-- Data excerpt follows --

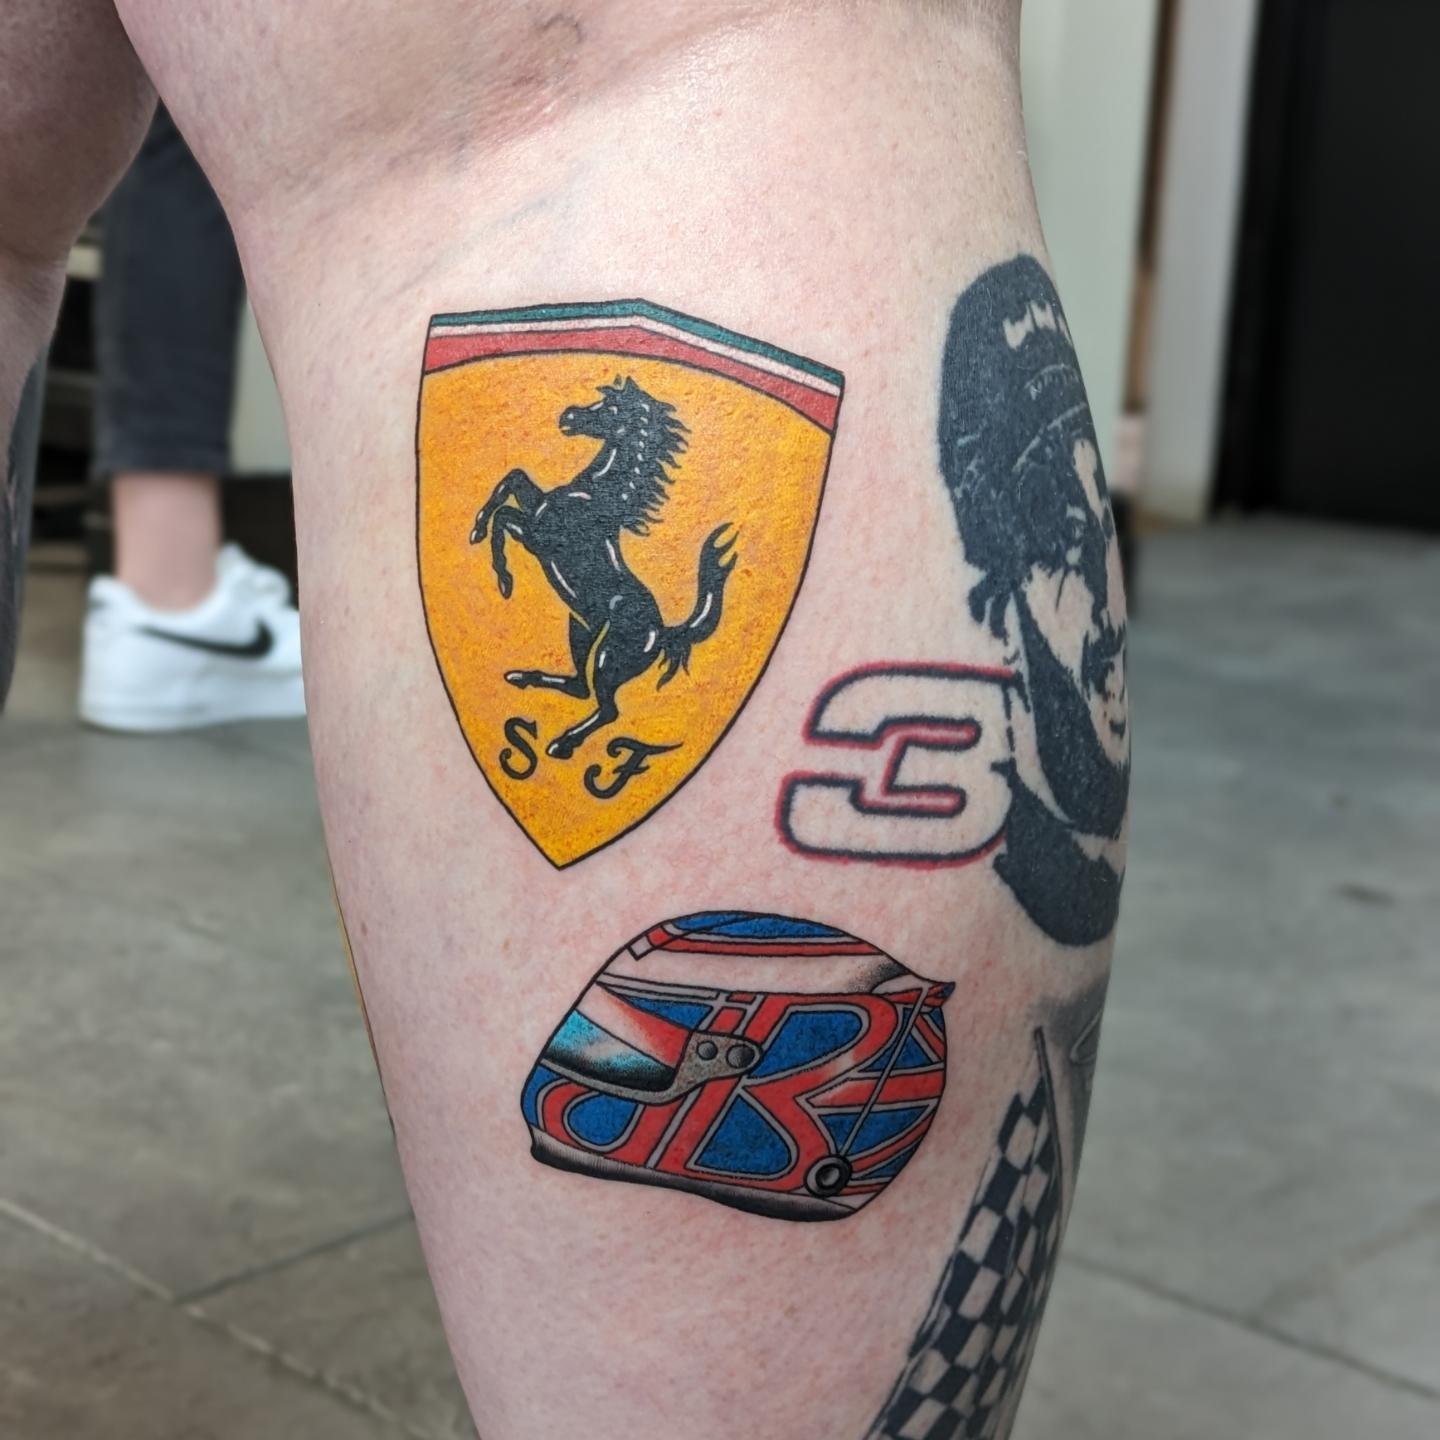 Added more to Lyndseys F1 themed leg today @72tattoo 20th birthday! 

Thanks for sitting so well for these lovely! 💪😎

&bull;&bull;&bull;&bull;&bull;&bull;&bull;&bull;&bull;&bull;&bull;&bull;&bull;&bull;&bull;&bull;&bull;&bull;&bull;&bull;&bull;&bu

-- Data excerpt concluded --

• **What you have to do**: Without changing a word, restate the listing above; the pictures stay out.

• **Result of this task**:
 Added more to Lyndseys F1 themed leg today @72tattoo 20th birthday! 

Thanks for sitting so well for these lovely! 💪😎

&bull;&bull;&bull;&bull;&bull;&bull;&bull;&bull;&bull;&bull;&bull;&bull;&bull;&bull;&bull;&bull;&bull;&bull;&bull;&bull;&bull;&bu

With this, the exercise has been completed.